Arena is a lightweight client that is used to manage Kubernetes-based machine learning tasks. Arena allows you to streamline data preparation, model development, model training, and model prediction throughout a complete lifecycle of machine learning. This improves the work efficiency of data scientists. Arena is also deeply integrated with the basic services of Alibaba Cloud. It supports GPU sharing and Cloud Paralleled File System (CPFS). Arena can run in deep learning frameworks optimized by Alibaba Cloud.

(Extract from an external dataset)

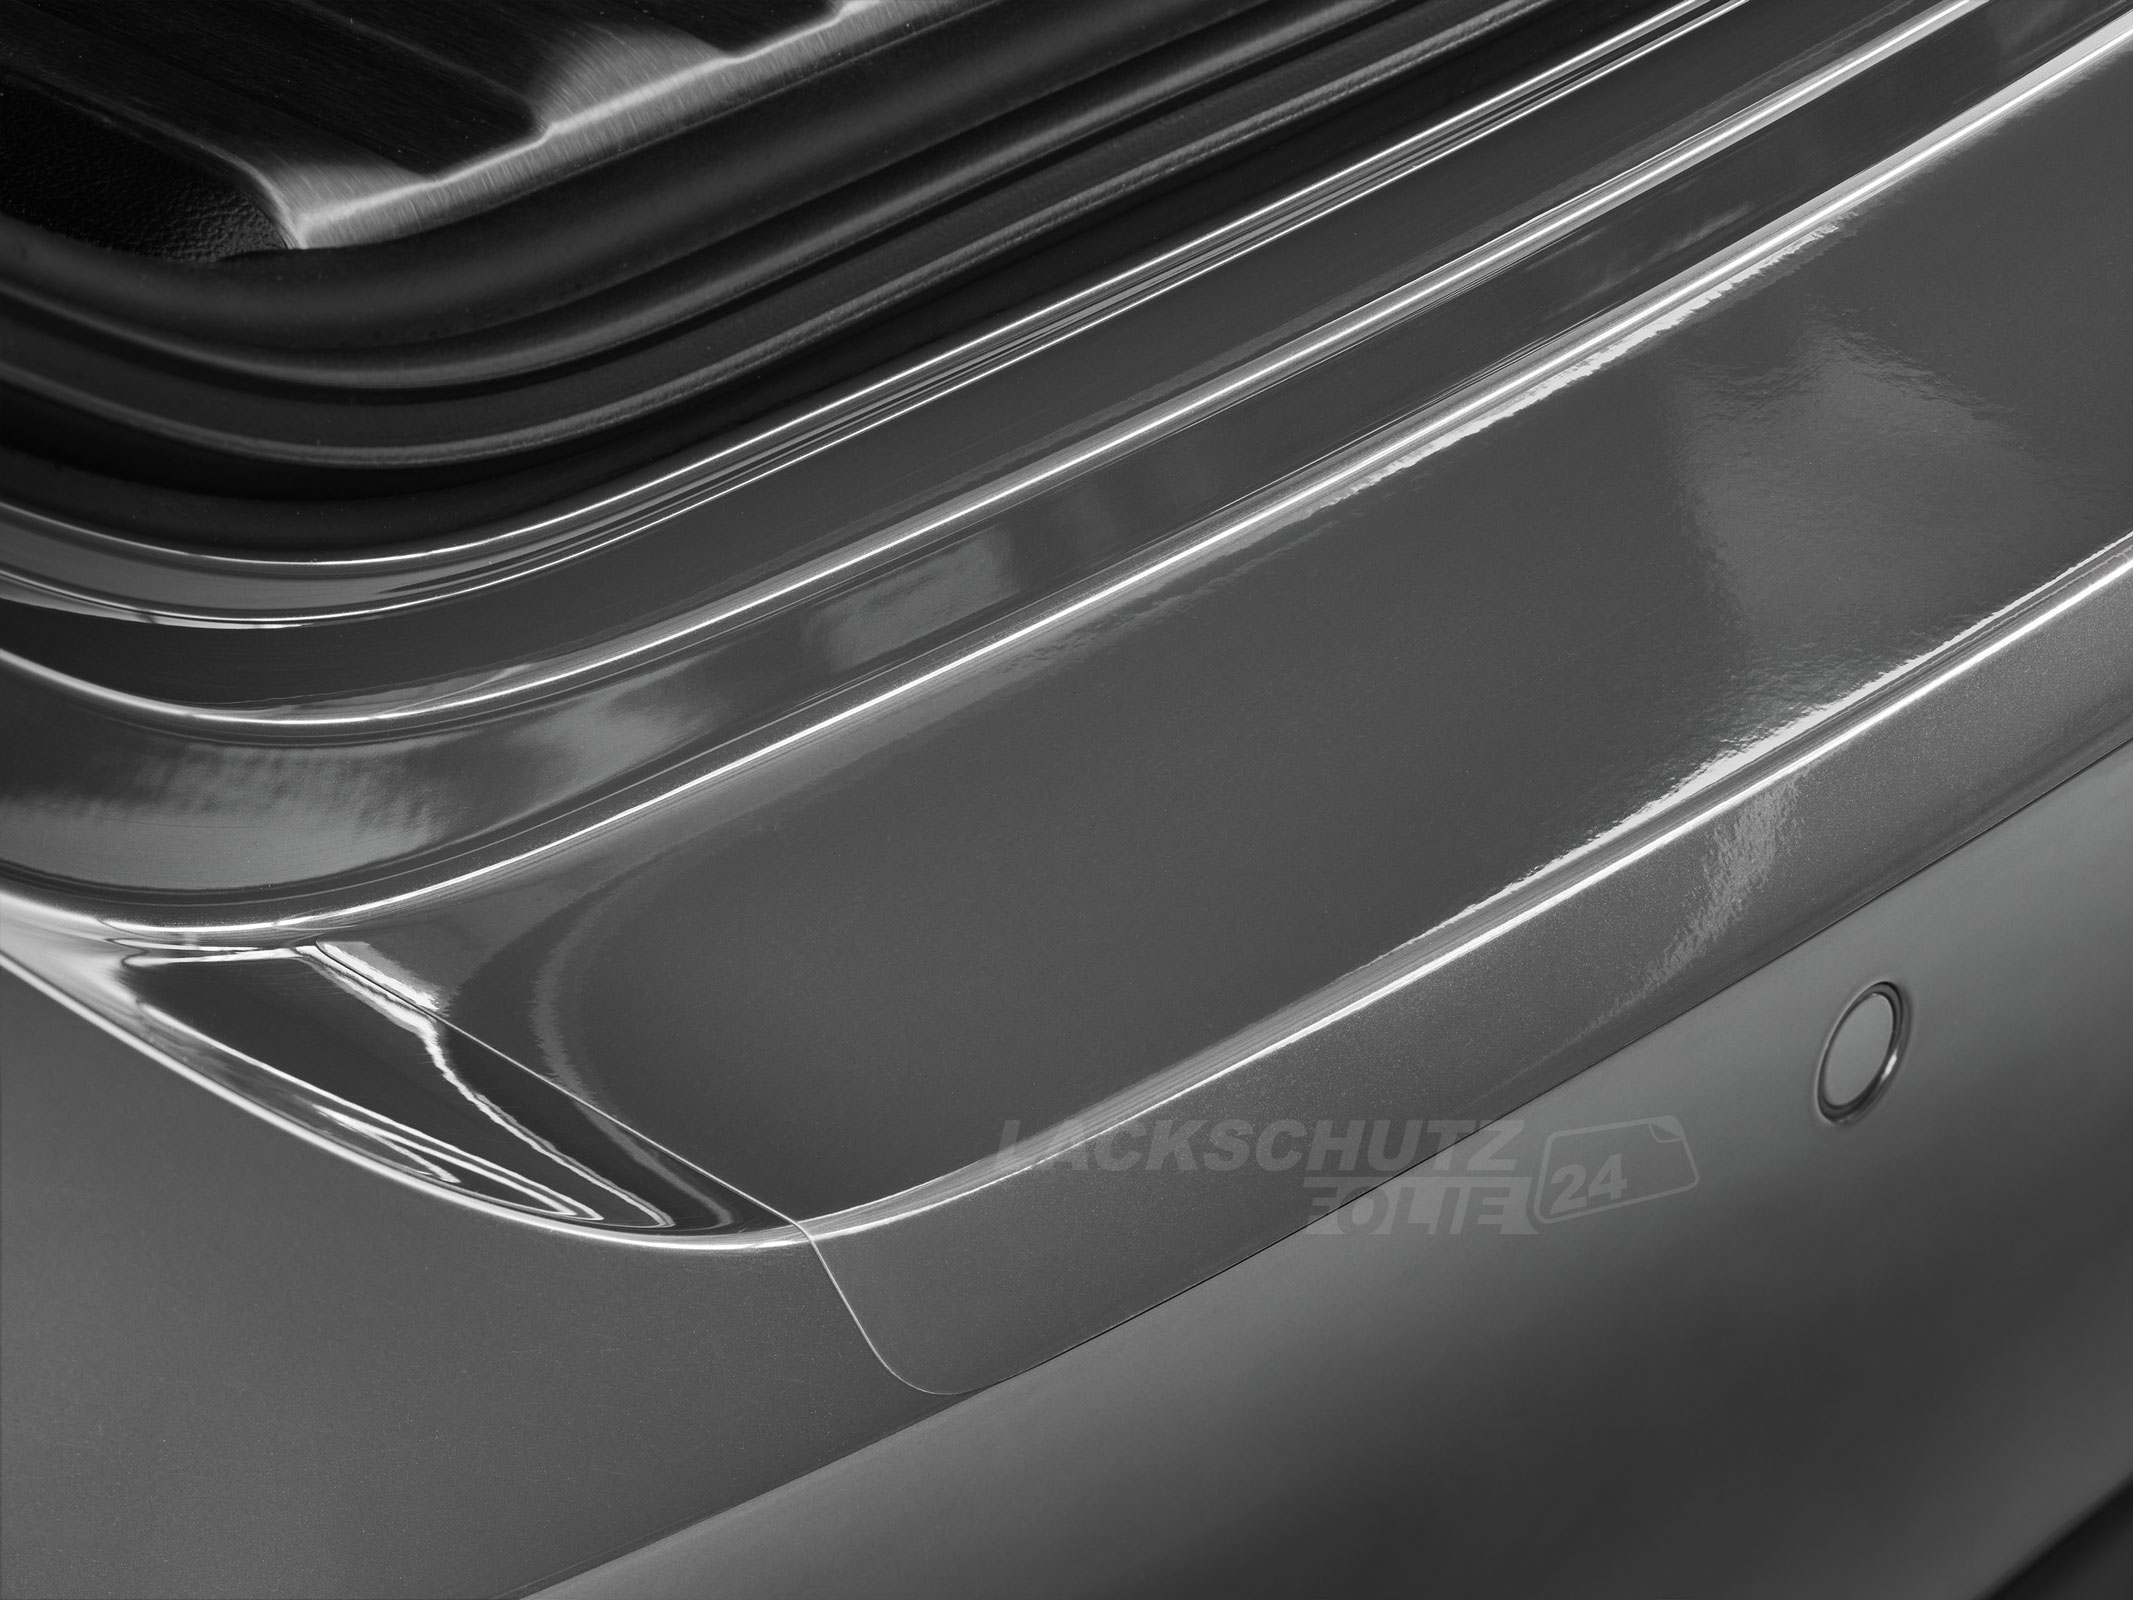 Ladekantenschutzfolie - Transparent Glatt Hochglänzend 150 µm stark für Seat Mii ab BJ 04/2012
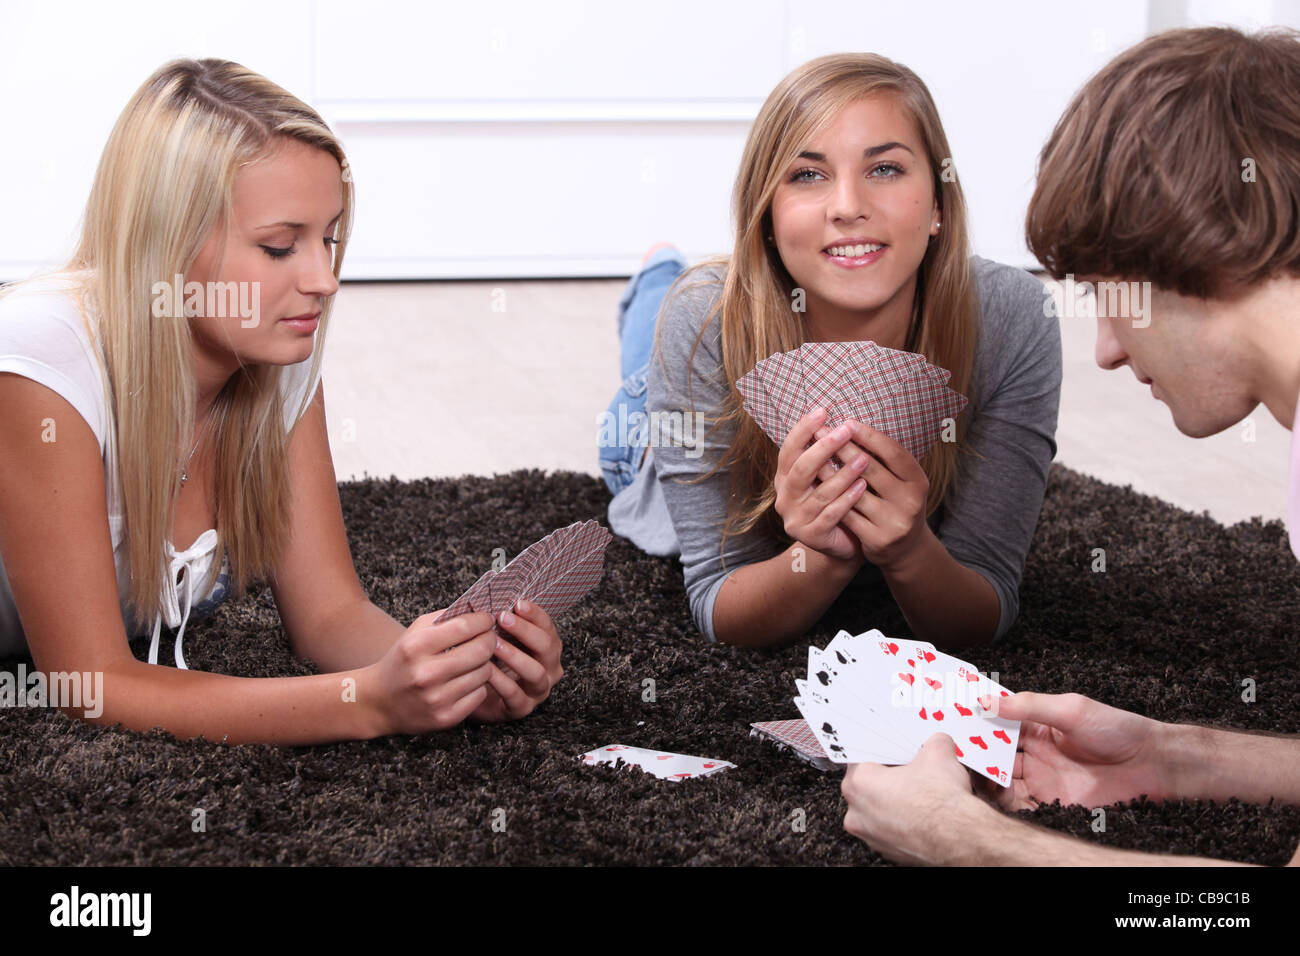 Поиграли в карты на раздевание. Мальчик и девочка играют в карты. Девочки играют в карты. Девочки играют в карты на раздевание. Девушки играющие в карты.

This maximizes the performance and utilization of heterogeneous computing resources provided by Alibaba Cloud. This topic describes how to configure the Arena client.
Prerequisites
A Container Service for Kubernetes (ACK) cluster that contains GPU-accelerated nodes is created. For more information, see Create an ACK cluster with GPU-accelerated nodes or Create an ACK dedicated cluster with GPU-accelerated nodes.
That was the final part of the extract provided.